Bu yazarı geçen gün kaybettik ne yazık ki... Dediğim gibi, okumuşluğum yok, önem derecesini, "kalibresini" bilemem.
Fakat yirmi yıl önce niçin böyle bir sahtekârlığa gerek görülmüştü?
Ünlü örnektir, Polonya asıllı Fransız yazarı Romain Gary'nin Emile Ajar takma adıyla yapmış olduğu gibi, "jüriyle dalga geçmek için" falan denecektir...
Ama Gary zaten tanınmış, okunan bir yazardı, edebiyat kodamanlarıyla azıcık kafa bulmak isteyebilirdi. Burada hiç bilinmedik bir genç adam ve olayda "kullanılan" bir sekreter hanım sözkonusu...
Öte yandan, yazarların takma ad kullanmaları da edebiyat tarihinde sıkça rastlanan bir gelenek... (En basit örnek, Orhan Kemal adıyla yazan Mehmet Raşit Öğütçü değil midir?)
Fakat Nurten Ay takma ad falan değildi ki, etten kemikten gerçek bir insandı! Ortaya çıkıp hiç tınmadan ödülü almış, ona buna demeçler, röportajlar falan da vermişti.
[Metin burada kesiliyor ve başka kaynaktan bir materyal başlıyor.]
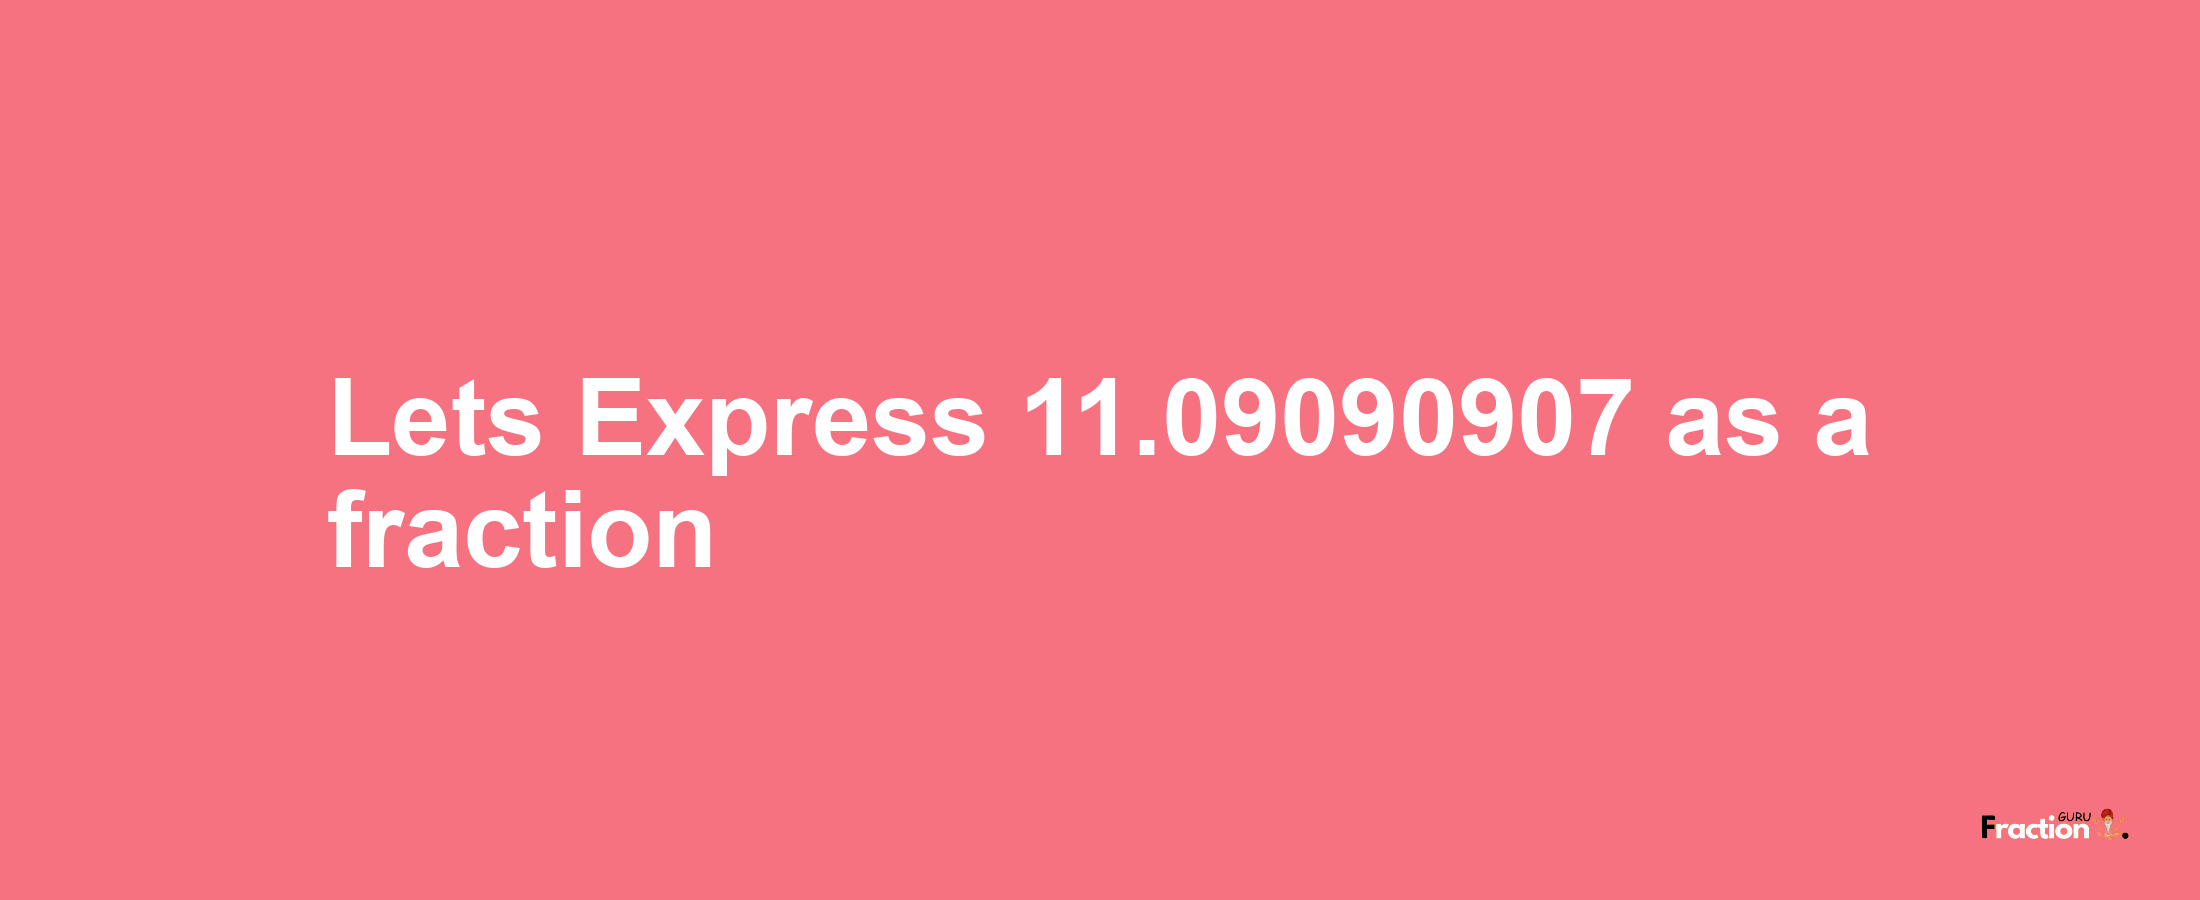 Lets Express 11.09090907 as afraction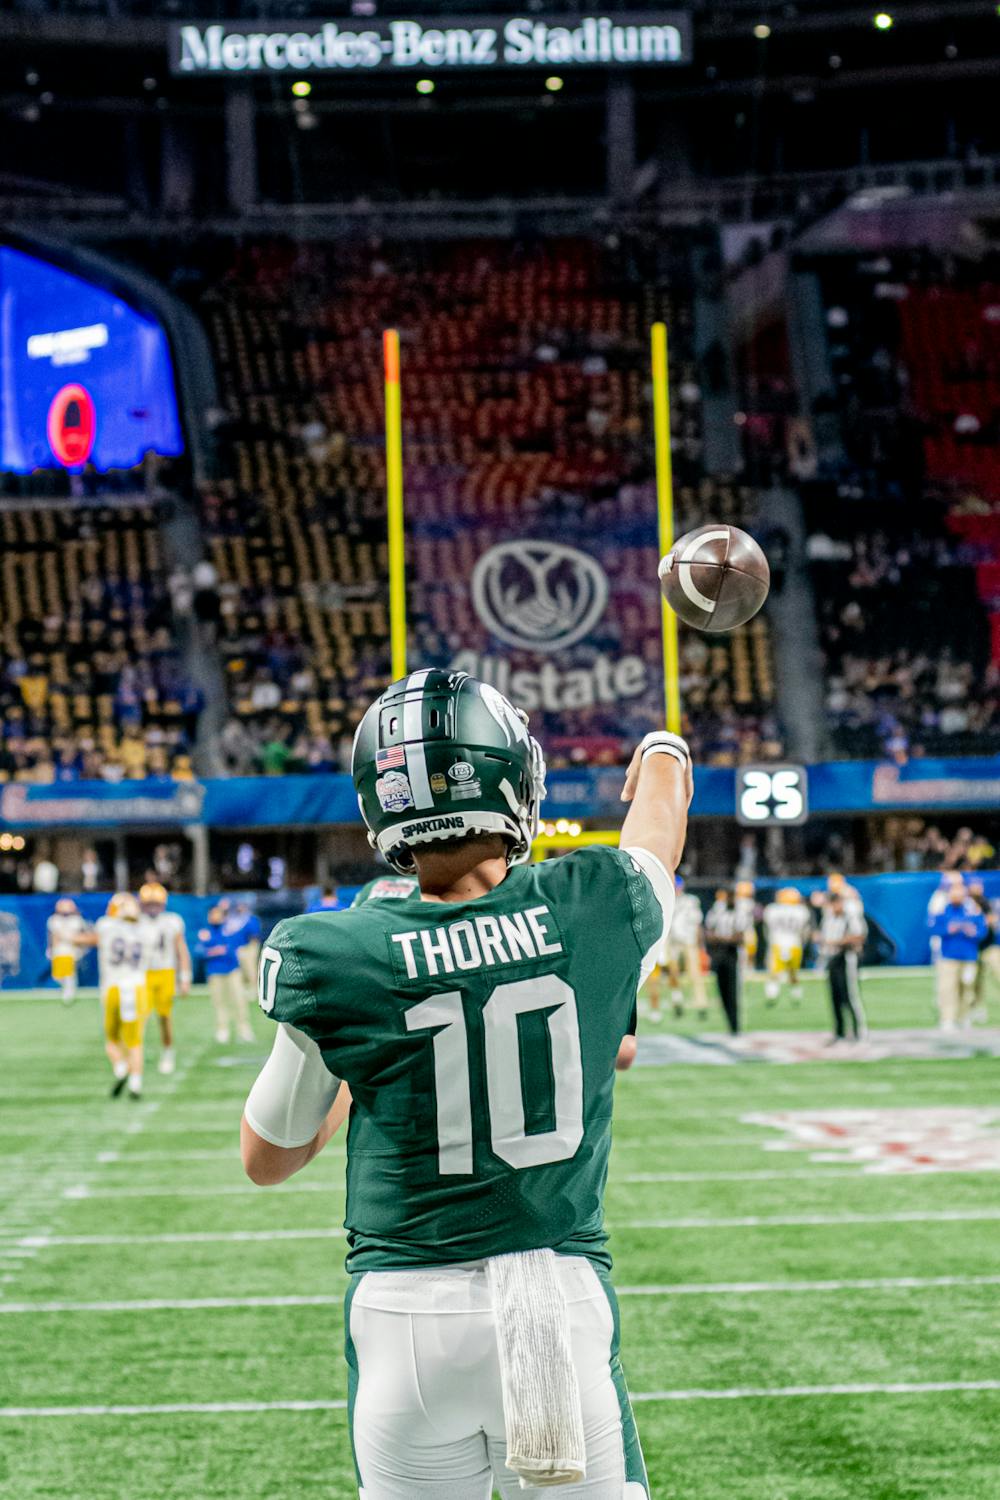 <p>Redshirt sophomore Payton Thorne throws passes before the Spartans 31-21 victory against Pitt in the Chick-Fil-A Peach Bowl on Dec. 30, 2021.</p>

Merhum Ali Teoman bu numarayı niçin yapmış, Nurten Hanım bu saçmalığa niçin alet olmuş (daha ağır bir deyim kullanmak istemiyorum), edebiyat "dünyası" bunu nasıl yutmuştu?
Teoman'ı ve olayı çok ciddiye alan bir gazete "kanser olduğu için" diyor...
Bak sen...
Asıl ismini yeterince fiyakalı bulmadığı için kendine daha oturaklı bir isim uyduran yazar çok görülmüştür ama, hasta olduğu için bir sekreter kızın kimliğini araya sokan yazar hiç duyulmamıştır. (Kız törene gitse de "bu ödülü arkadaşım -ya da dostum, ya da sevgilim, her neyse işte- adına alıyorum" dese kim ne kazanacak, kim ne kaybedecekti?)
İşte böyle böyle kimse artık iplemez oldu, hani o hep aynı üç-beş ahbap çavuşun onu bunu turnikeye sokarak sırayla dağıttığı "edebiyat mafyası" ödüllerini!
Yazıyı okuyunca Doğan Hızlan telefona sarılmasın, açmayacağım.